People begged her to sculpt with more permanence. Museums requested exhibitions that might last more than minutes or hours.
The sculptor conceded, gradually.
She sculpted stories out of wax and set them over warm coals so they would melt and drip and fade.
She organized willing participants into arrangements of tangled limbs and twined bodies that would last as long as their living pieces could manage, the story changing from each angle viewed and then changing more as the models fatigued, hands slipping over thighs in unsubtle plot twists.
She knit myths from wool small enough to keep in pockets though when read with too much frequency they would unravel and tangle.
She trained bees to build honeycombs on intricate frames forming entire cities with sweet inhabitants and bitter dramas.
She sculpted stories with carefully cultivated trees, stories that continued to grow and unfold long after they were abandoned to control their own narratives.
Still people begged for stories they could keep.
The sculptor experimented. She constructed metal lanterns with tiny hand cranks that could be turned to project tales on walls when a candle was placed within them. She studied with a clockmaker for a time and built serials that could be carried like pocket watches and wound, though eventually their springs would wear out.
She found she no longer minded that the stories would linger. That some enjoyed them and others did not but that is the nature of a story. Not all stories speak to all listeners, but all listeners can find a story that does, somewhere, sometime. In one form or another.
Only when she was much older did the sculptor consent to work with stone.
At first it proved difficult but eventually she learned to speak with the stone, to manipulate it and discern the tales it wished to tell and to sculpt it as easily as she once sculpted rain and grass and clouds.
She carved visions in marble, with moving piece
s and lifelike features. Puzzle boxes and unsolvable riddles, multiple possible endings left unfound and unseen. Pieces that would stand steadfastly and pieces in constant motion that would wear themselves to ruin.
She carved her dreams and her desires and her fears and her nightmares and let them mingle.
Museums clamored for her exhibits but she preferred to show her work in libraries or in bookstores, on mountains and on beaches.
She would rarely attend these showings and when she did she did so anonymously, lost amongst the crowd, but some would know her and quietly acknowledge her presence with a nod or a lifted glass. A few would speak with her about subjects other than the stories on display, or tell her their own stories or remark on the weather.
At one such exhibit a man remained to speak with the sculptor after the crowds departed, a man who seemed more like a mouse, quiet and nervous, a world unto himself pulled tight and secretive, his words soft and delicate.

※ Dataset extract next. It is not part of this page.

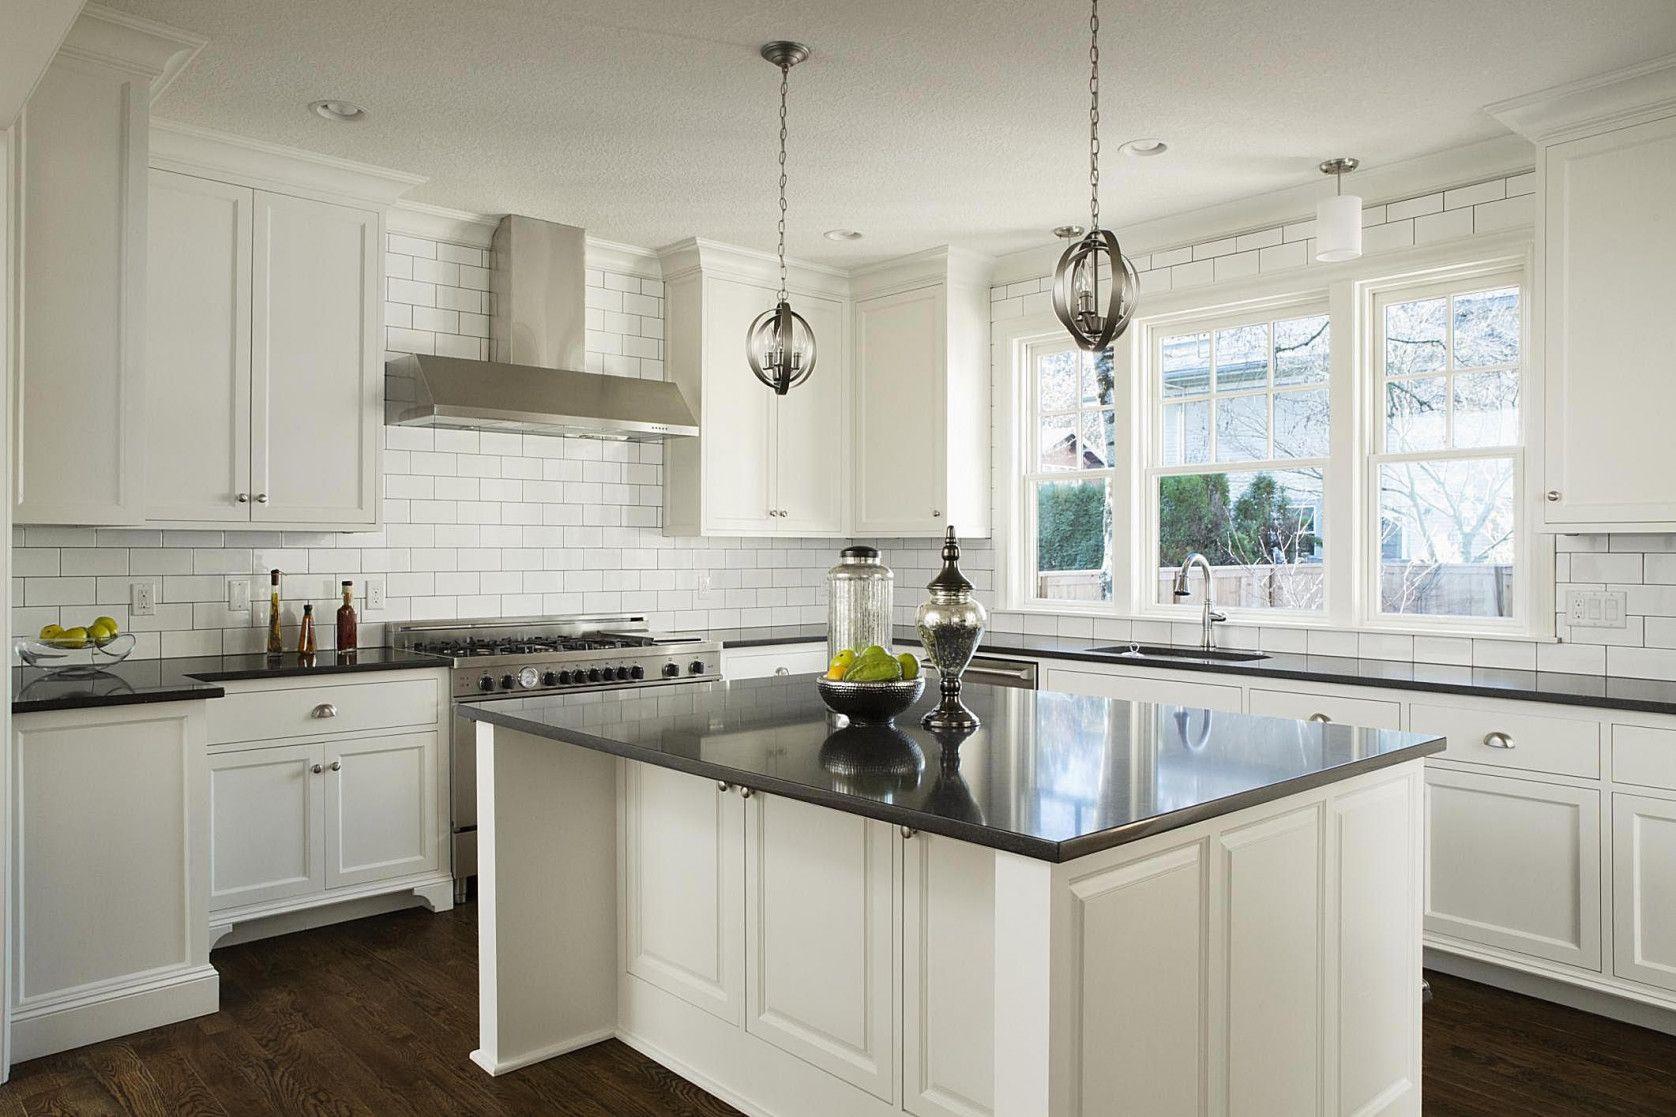 77+ Ready to Build Kitchen Cabinets - Best Kitchen Cabinet Ideas ...

“Would you hide something in a story for me?” the mouselike man asked the sculptor. “There are…there are those who seek what I must conceal and would turn the universe inside out to find it.”
This was a dangerous request, and the sculptor asked for three nights to consider her answer.
The first night she did not think on the matter, concerning herself with her work and her rest and the small things that brought her happiness: the honey in her tea, the stars in the night sky, the linen sheets on her bed.
The second night she asked the sea, since the sea has hidden many things in its depths, but the sea was silent.
The third night she did not sleep, constructing a story in her head that could hide anything, no matter what it might be, deeper than anything had been hidden before, even in the depths of the sea.
After three nights the mouselike man returned.
“I will do what you request,” the sculptor told him, “but I do not wish to know what it is you desire to hide. I will provide a box for it. Will it fit in a box?”
The man nodded and thanked the sculptor.
“Do not thank me yet,” she said. “It will take a year to finish. Come back then with your treasure.”